If I understand the meaning of the term "amendment", it implies that it
supersedes or overrides that which it amends.

True, the original US Constitution gives the Congress power to raise a
military; however, the 13th amendment prohibits "involuntary servitude".
If a military draft isn't "involuntary servitude", what is?  One can
argue about whether it has to be allowed out of "practical necessity",
but I don't see how you can argue that it isn't involuntary and that it
isn't servitude.  It certainly meets the definition in my Websters',
the courts' interpretations notwithstanding.
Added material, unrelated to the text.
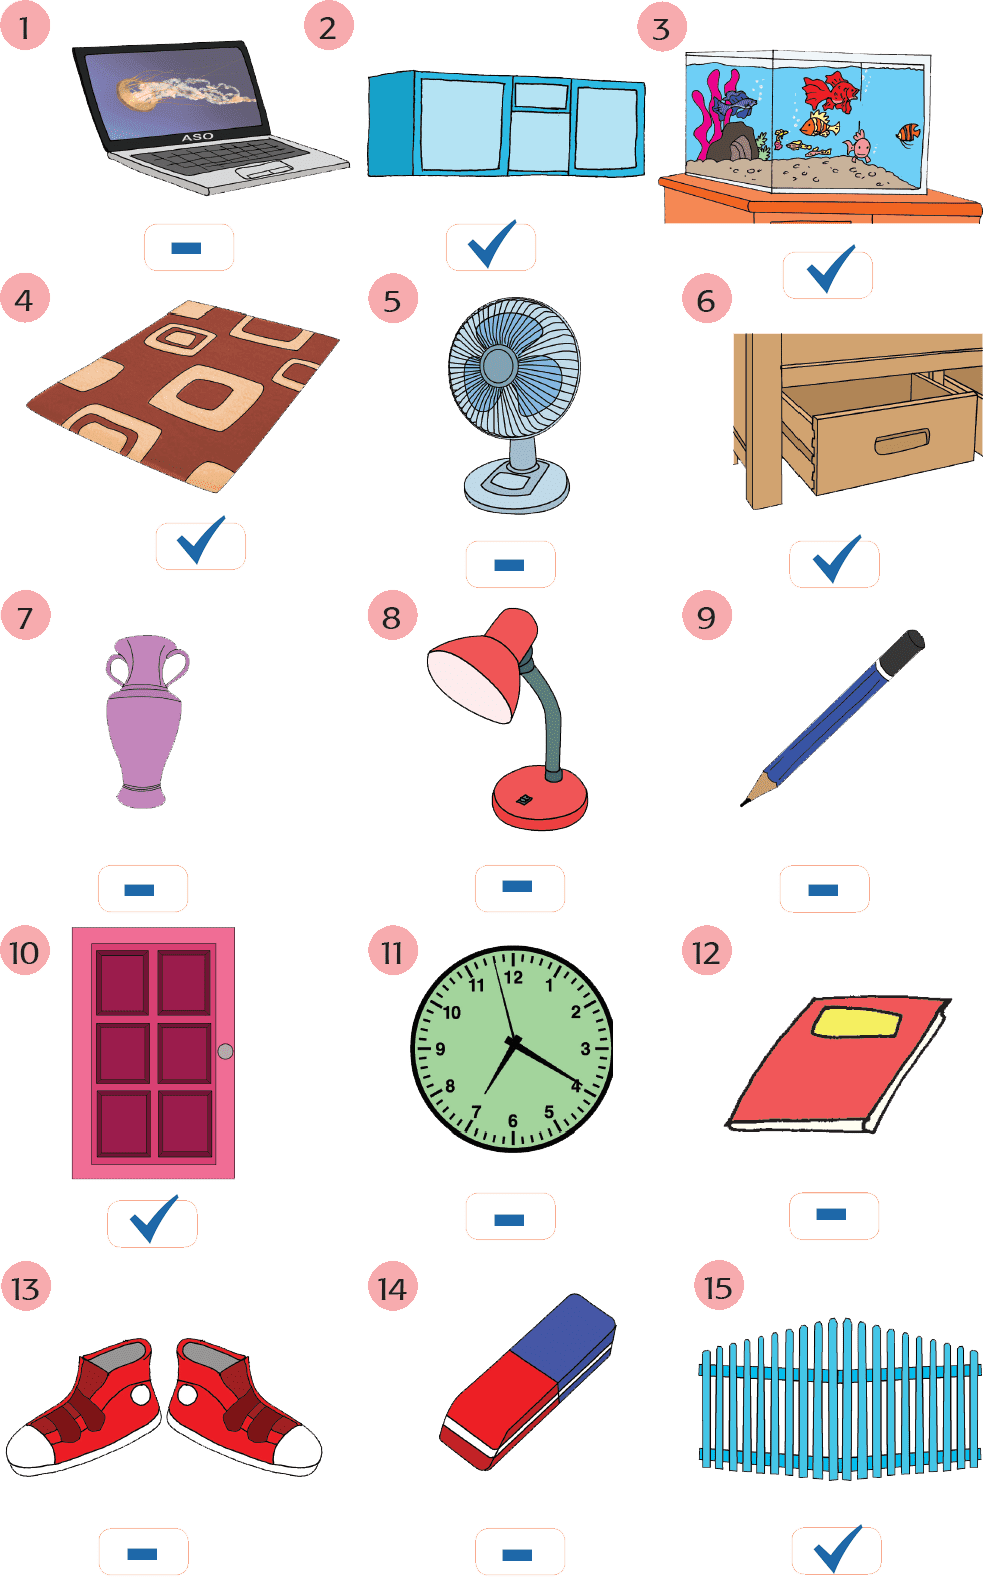 Kunci Jawaban Halaman 22, 23, 25, 27, 28, 29, 30, 32 Tema 5 Kelas 2

Before the Civil War, the courts interpreted the Constitution as allowing
slavery out of "practical necessity". Domestic slavery as such no longer
exists not because of some great moral awakening on the part of the
government and the people, but because of technological advances which
made our standard of living possible without slave labor.  It might also
have just been coincidence that the industrial revolution really took off
not long after slave labor had been abolished.  "Necessity is the
mother of invention."  I suspect that alternate methods of fighting wars
would be invented (have already been invented?) if the draft was
outlawed.  Or maybe we wouldn't fight them in the first place.

The "constitution" of the USSR reads in much the same way as ours;
the difference is all in the interpretation.